I once rode a race horse when I was at secondary school, I went to Marsh Stables outside Newmarket and was lucky enough to even take the horses swimming. Not so lucky was being found out that I couldn't ride but only after one of the horses decided to go for a run across one of the fields with me on board!! I just sat there while this beautiful thing belted across one of their fields, I wasn't scared at all which surprised me 

I just love riding, it's a passion that I have but seem never to fulfil. Does anybody here have a horse that needs exercise but that is trustworthy enough to look after me - and even maybe help me learn more?

Yours hopefully
Vix x


----------



## Broxdown (Jan 18, 2008)

What about involving youself with a yard local to you - perhaps exchange some yard work for a bit of riding and tuition if necessary?


----------



## Witchy (Feb 12, 2008)

I used to do that with a friend of mine and she ended up just using me to clean out her stalion all the time because she was scared of him and never cleaned him out very often - I nearly used to pass out with the amonia 

She isn't a friend of mine anymore! Turned out to be a liar and a cheat.

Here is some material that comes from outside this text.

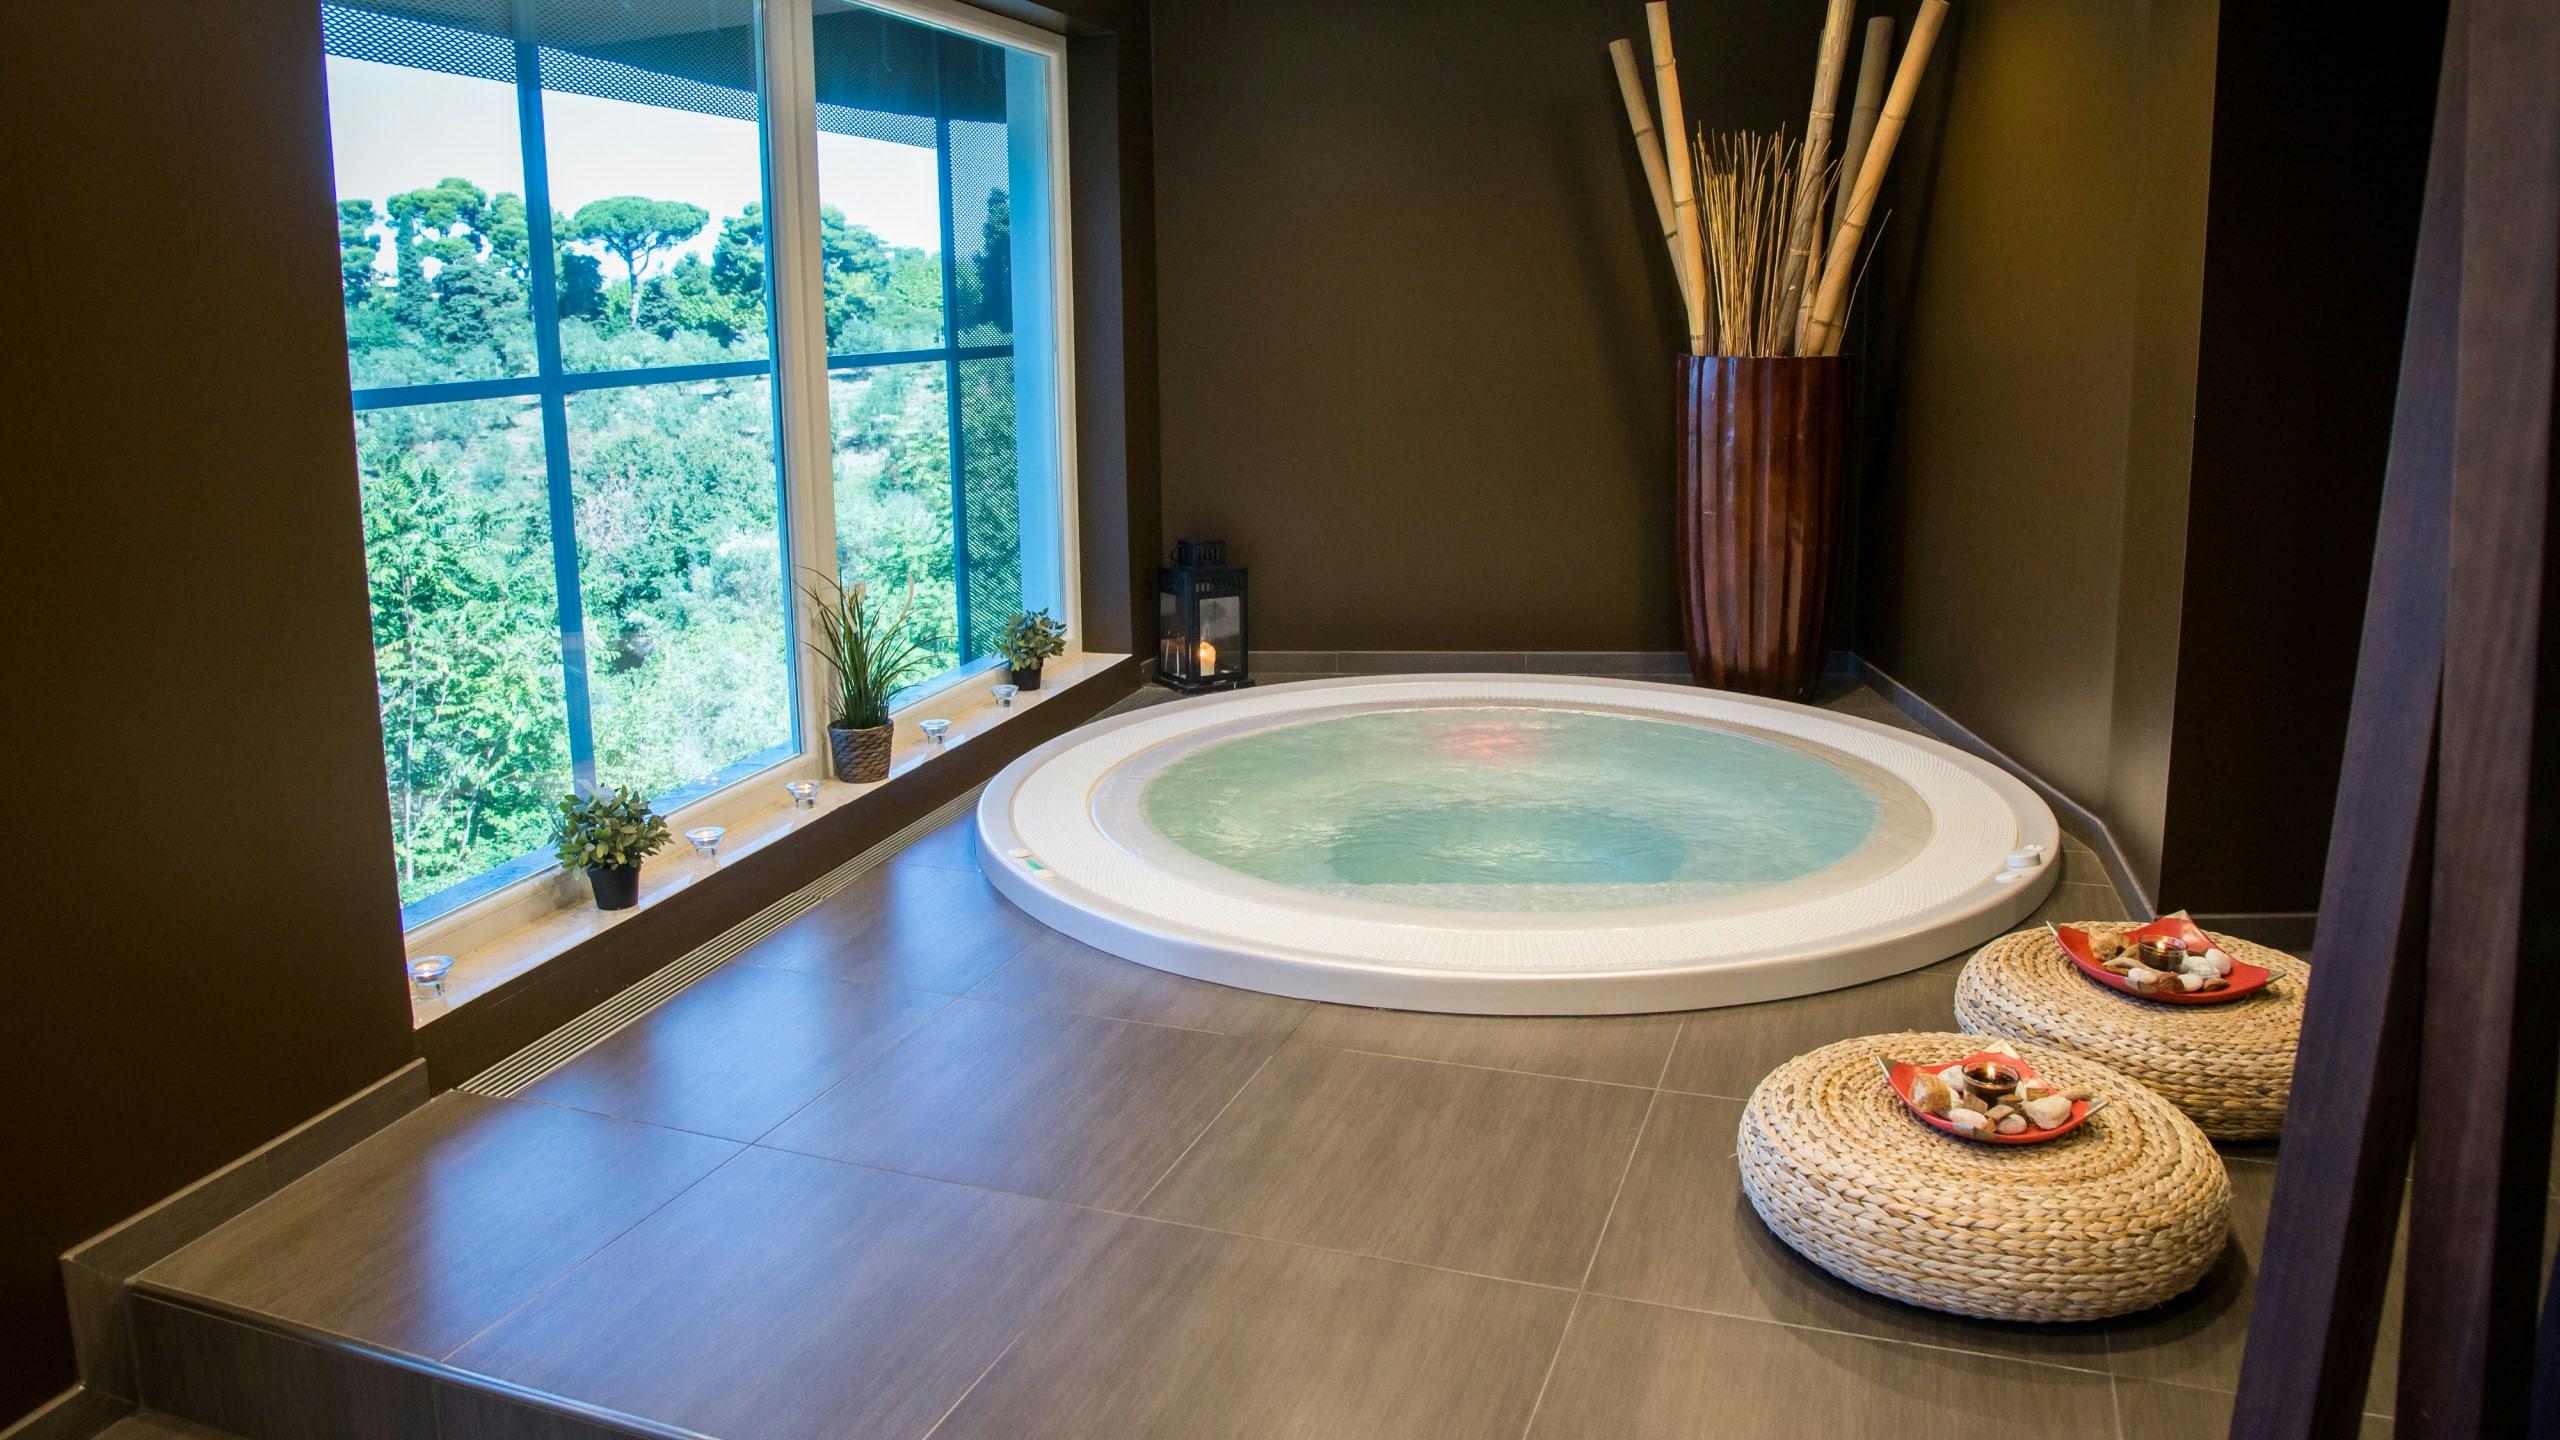 Design Hotel Il Berg Luxury Hotel Di Roma : Hotel spa villa mercede a frascati aloa

I'd rather pay somebody so that both sides know where they stand if you know what I mean....


----------



## warmglo (Feb 25, 2008)

Hi Witchy, have you thought about helping out at your nearest horse rescue charity? I tried that after many years of not being around horses, and they really helped me regain my confidence. After a while I was able to ride some of them bareback down to the fields in the morning.


----------



## Witchy (Feb 12, 2008)

Wow, that sounds wonderful 

I'm hoping in a couple of years I'll be able to go part time in my job - unless we decide to have children of course. At the moment, we're happy just bobbing along as we are.

If I do go part time then yes, that might be an idea as there are a few stable round here that I could maybe go and help at - its just getting their trust in you I suppose, to allow you to work for them etc...

Even if I was able to ride twice a month, that would be better than nothing - I really miss it.

Thanks again.
V


----------